For this exercise, return only the lines in the records below from the one holding "Partipants take part" through the one holding "Gourmet Chef JL-2801", including both, exactly as they appear and without pictures.

Given data:
-=-=-

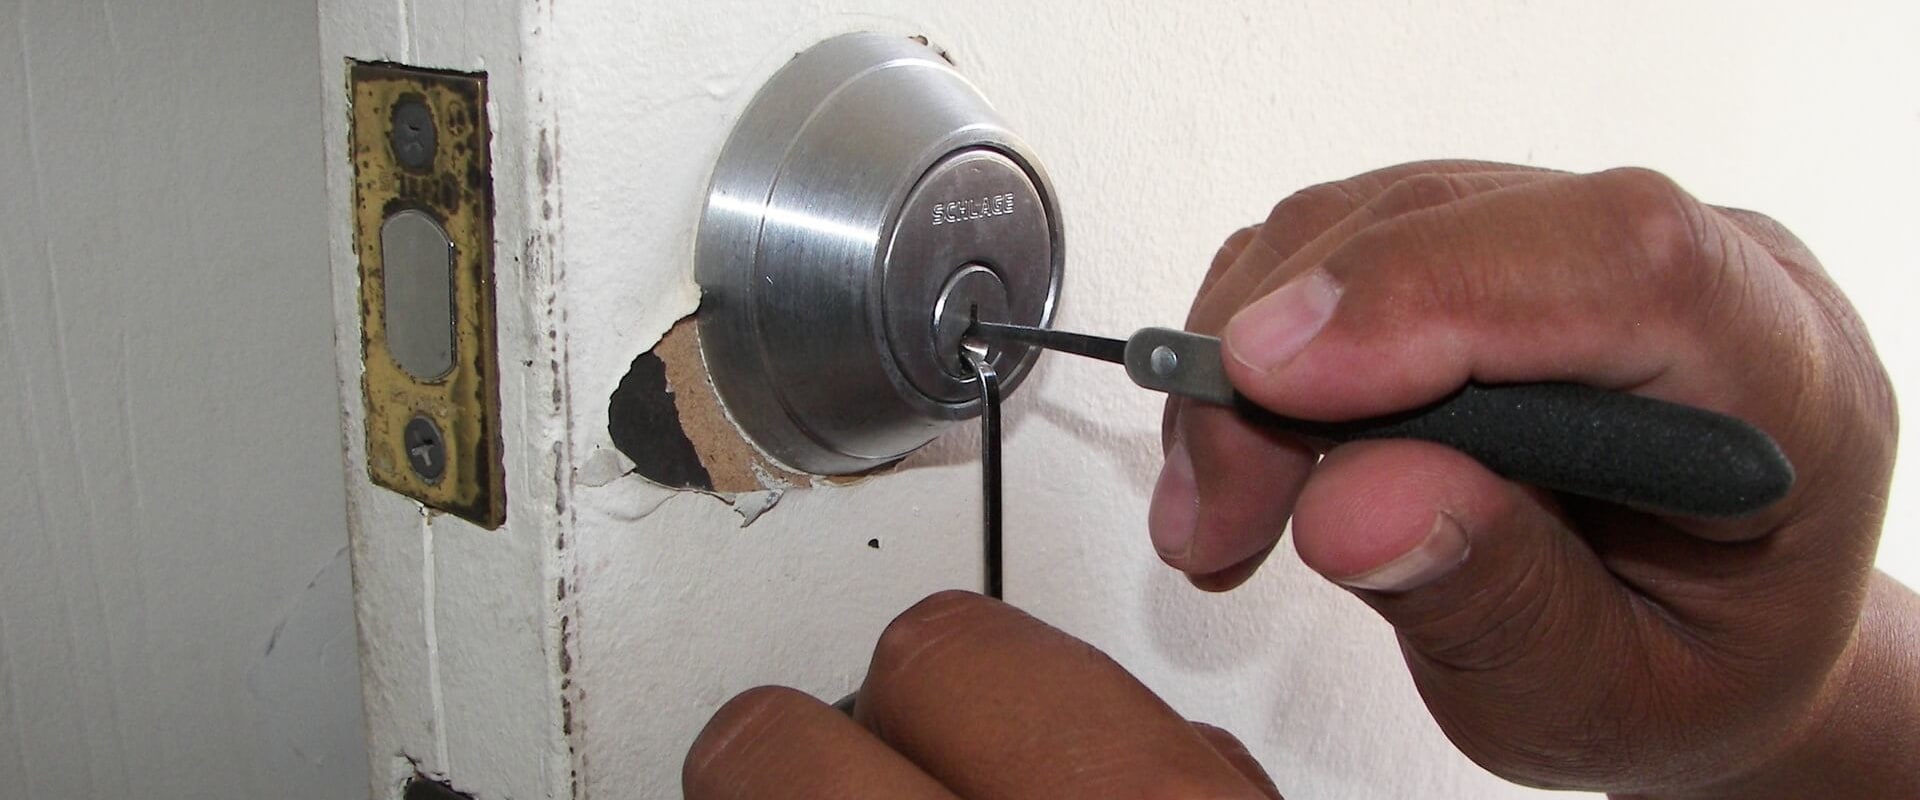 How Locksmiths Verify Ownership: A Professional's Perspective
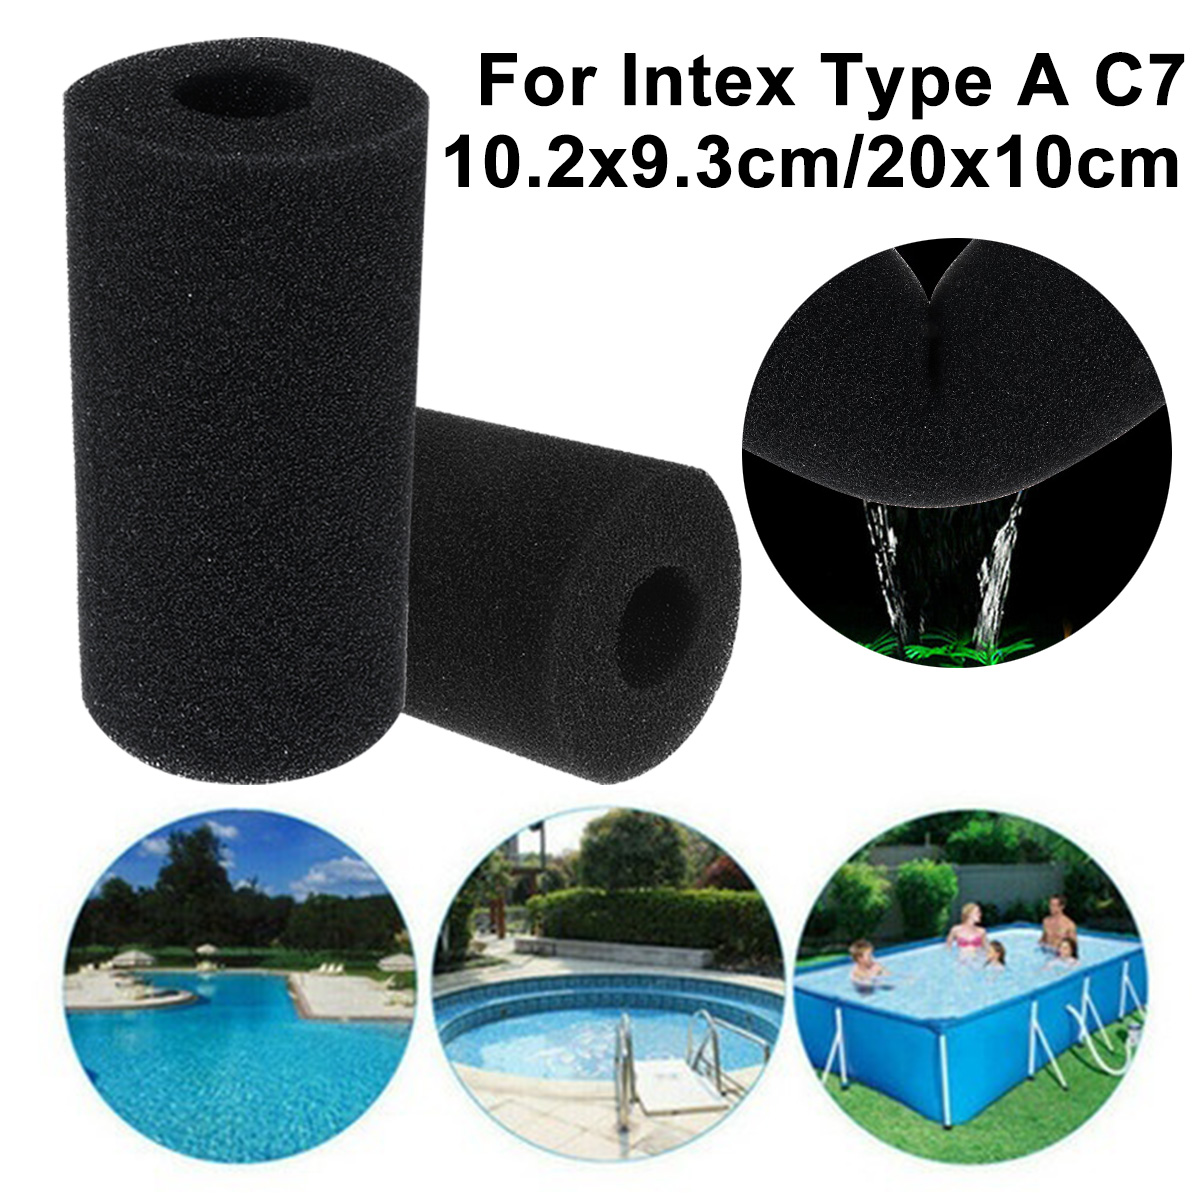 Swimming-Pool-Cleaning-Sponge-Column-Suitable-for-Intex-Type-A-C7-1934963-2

-=-=-

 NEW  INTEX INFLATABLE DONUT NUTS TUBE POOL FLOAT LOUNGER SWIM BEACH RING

-=-=-

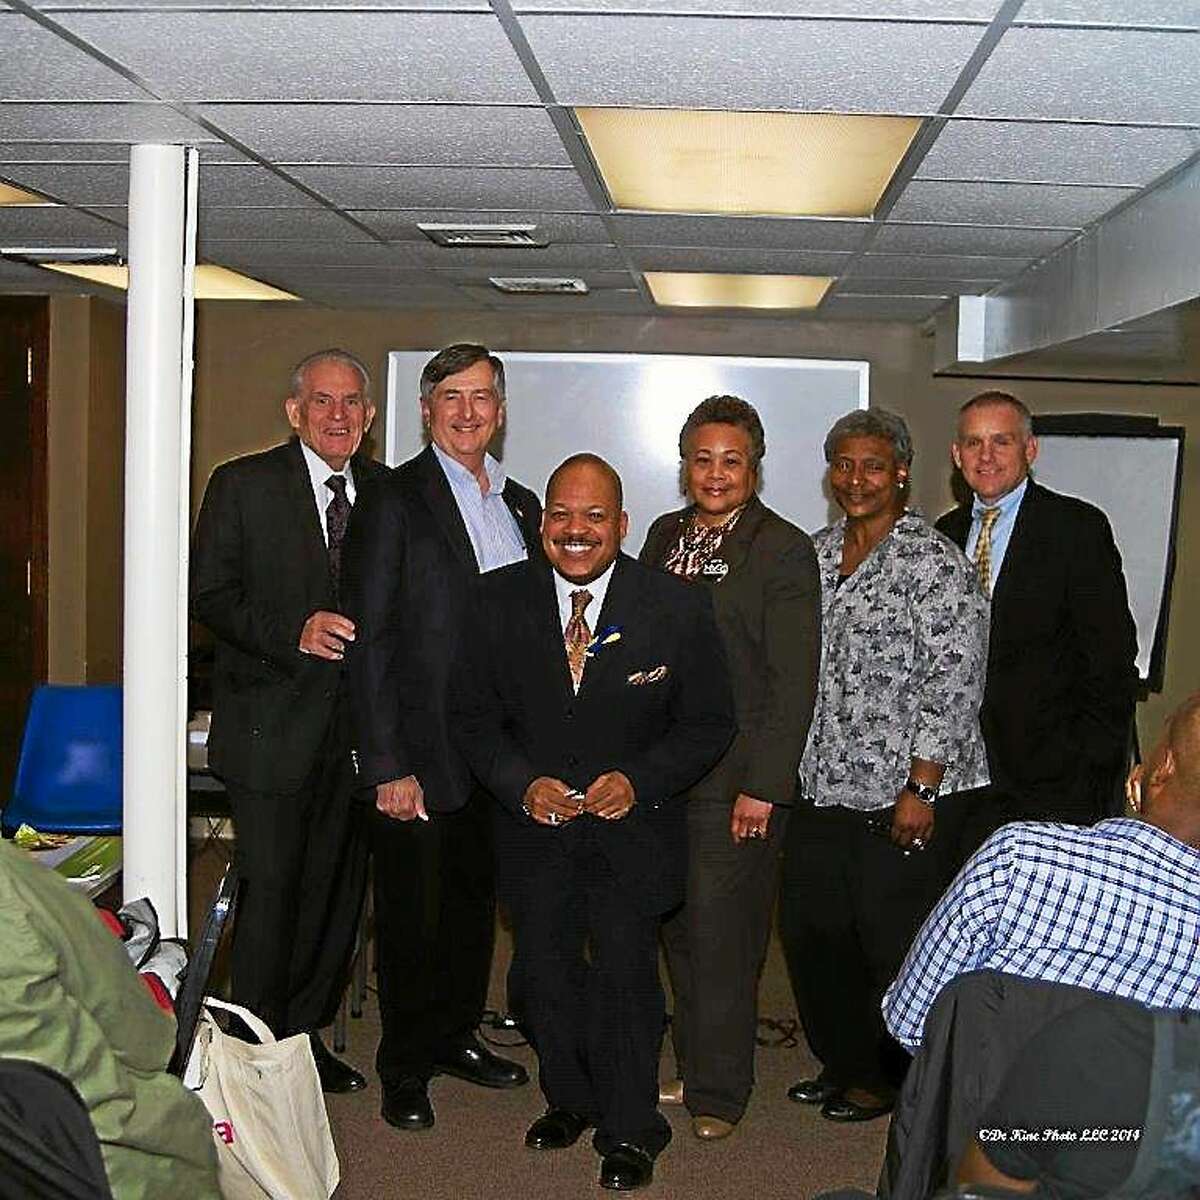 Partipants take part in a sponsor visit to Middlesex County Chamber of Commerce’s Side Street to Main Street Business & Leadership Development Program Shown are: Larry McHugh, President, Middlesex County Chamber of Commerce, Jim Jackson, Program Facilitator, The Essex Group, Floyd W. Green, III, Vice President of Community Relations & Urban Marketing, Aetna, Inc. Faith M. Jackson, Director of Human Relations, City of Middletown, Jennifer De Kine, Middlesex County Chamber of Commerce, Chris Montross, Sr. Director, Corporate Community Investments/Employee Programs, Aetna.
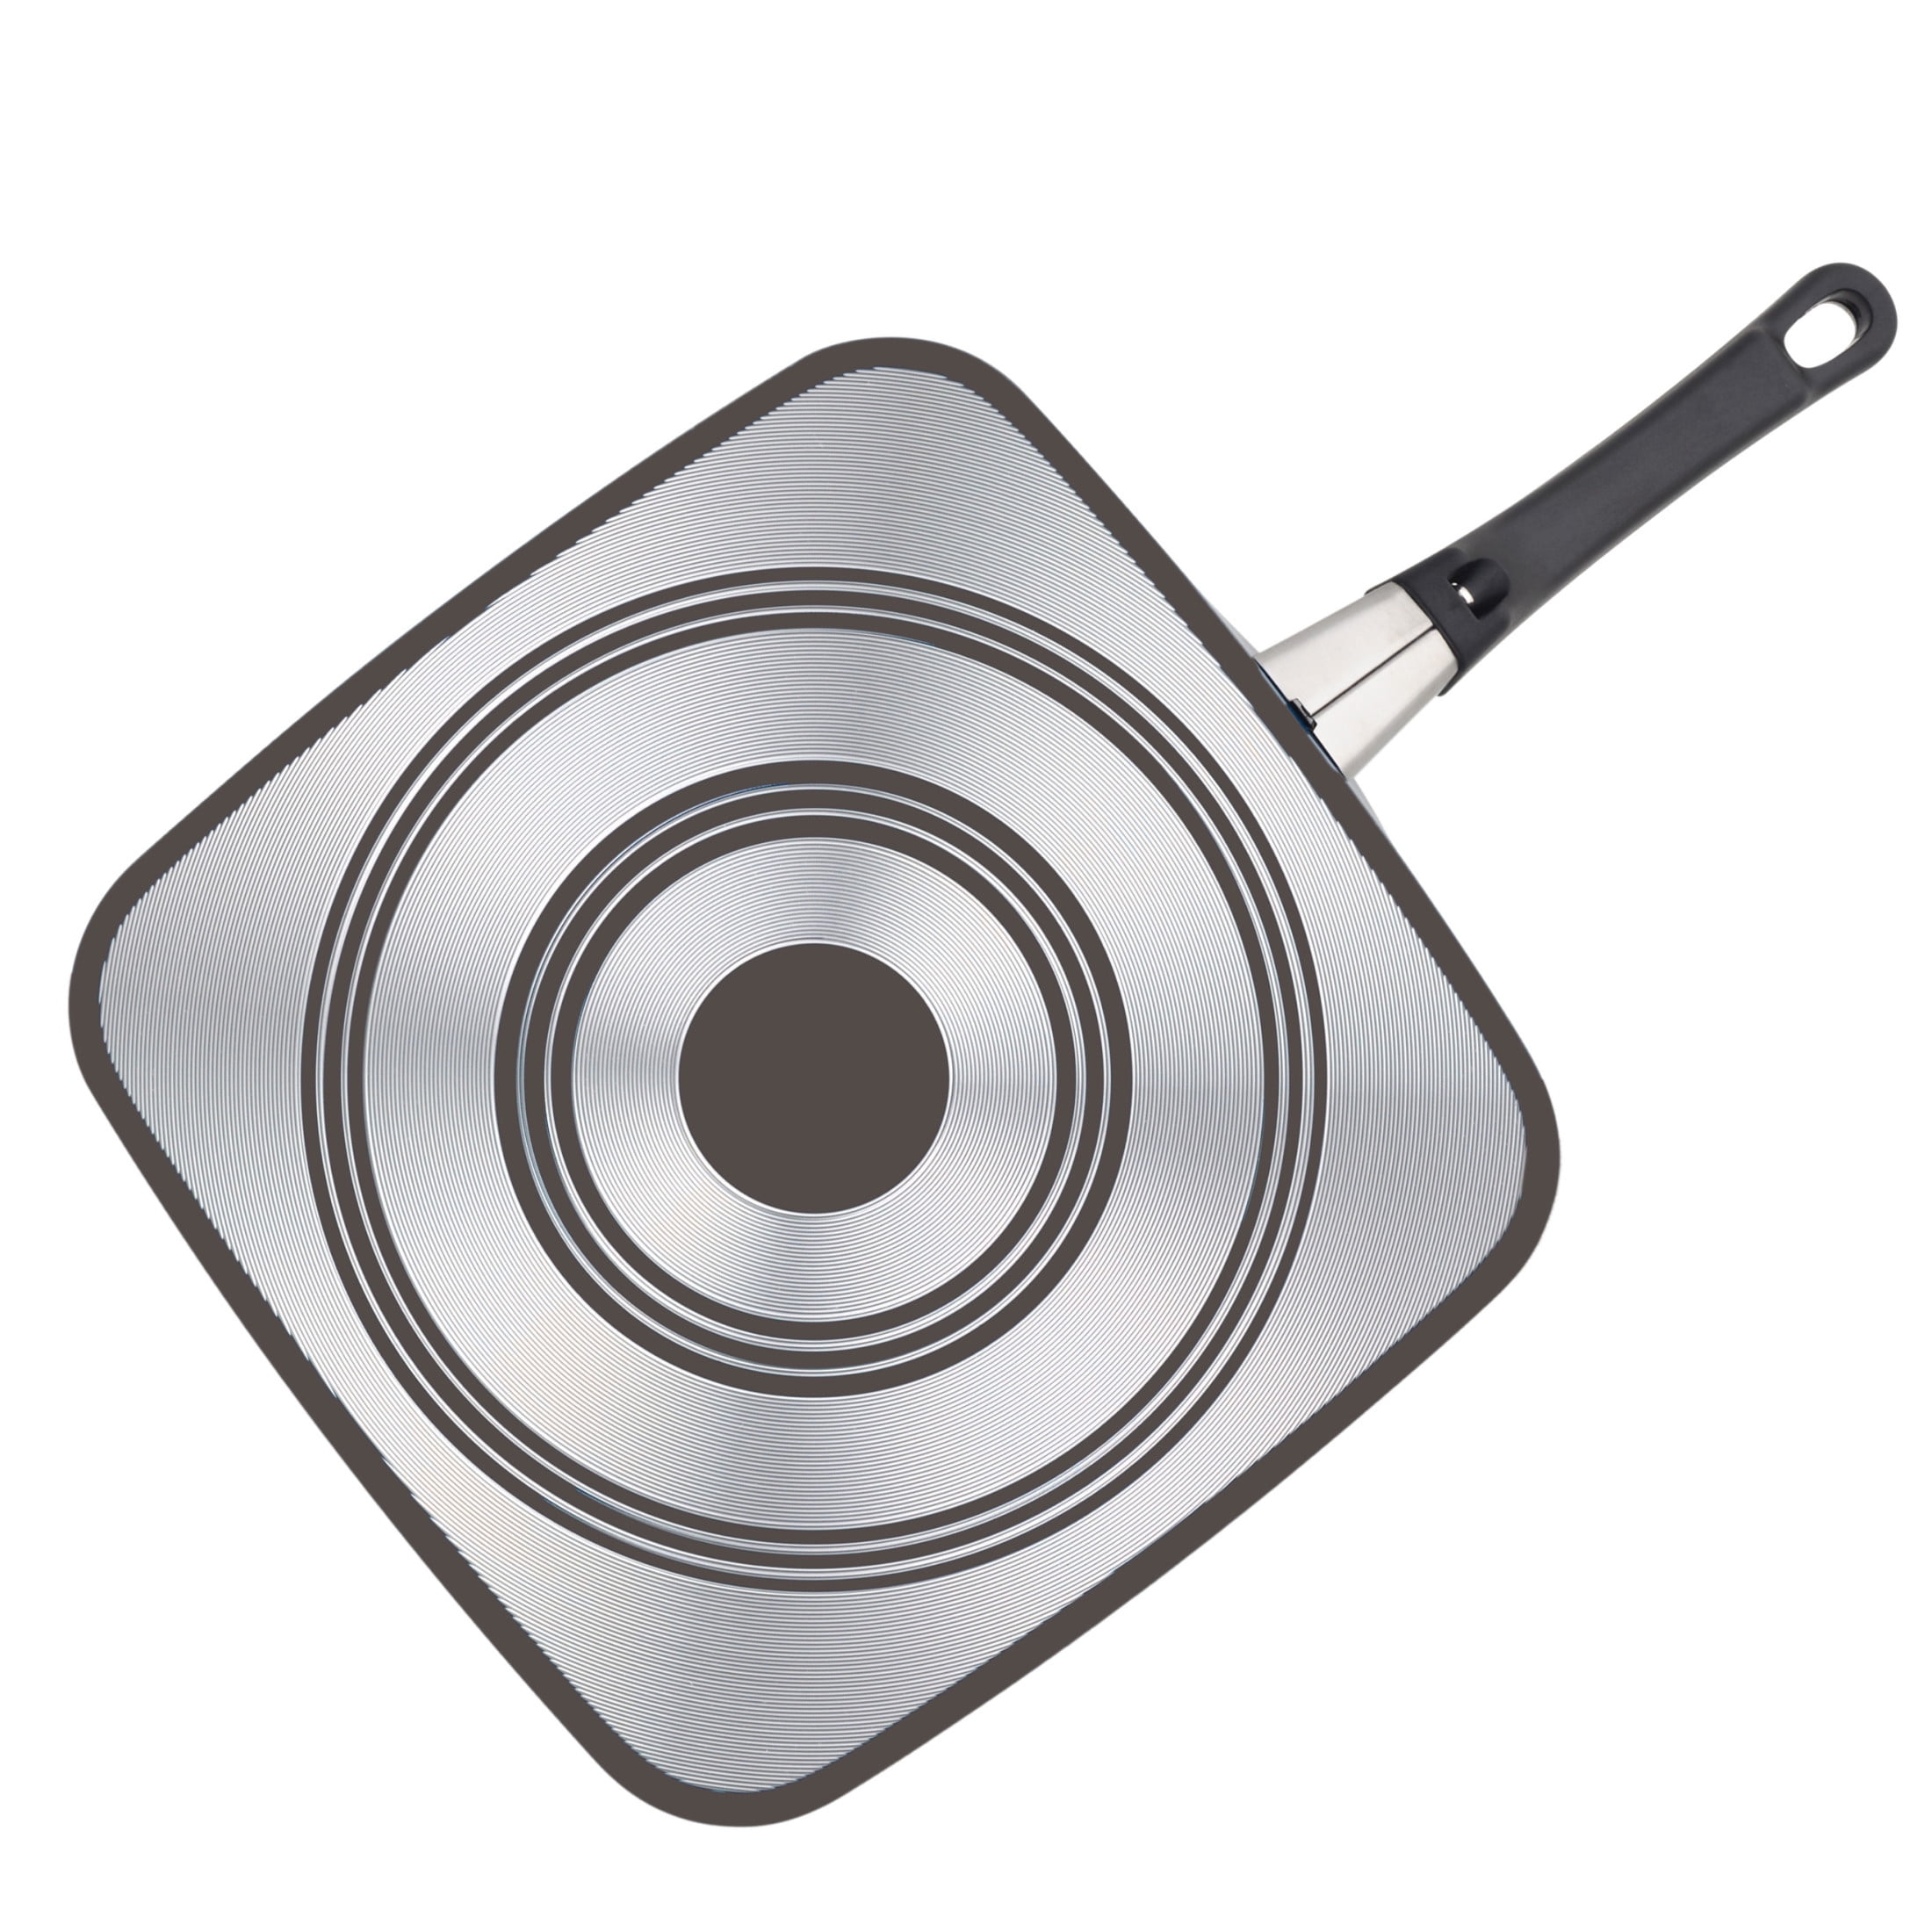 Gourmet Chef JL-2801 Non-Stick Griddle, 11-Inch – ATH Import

-=-=-

Finished task:
 Partipants take part in a sponsor visit to Middlesex County Chamber of Commerce’s Side Street to Main Street Business & Leadership Development Program Shown are: Larry McHugh, President, Middlesex County Chamber of Commerce, Jim Jackson, Program Facilitator, The Essex Group, Floyd W. Green, III, Vice President of Community Relations & Urban Marketing, Aetna, Inc. Faith M. Jackson, Director of Human Relations, City of Middletown, Jennifer De Kine, Middlesex County Chamber of Commerce, Chris Montross, Sr. Director, Corporate Community Investments/Employee Programs, Aetna.
 Gourmet Chef JL-2801 Non-Stick Griddle, 11-Inch – ATH Import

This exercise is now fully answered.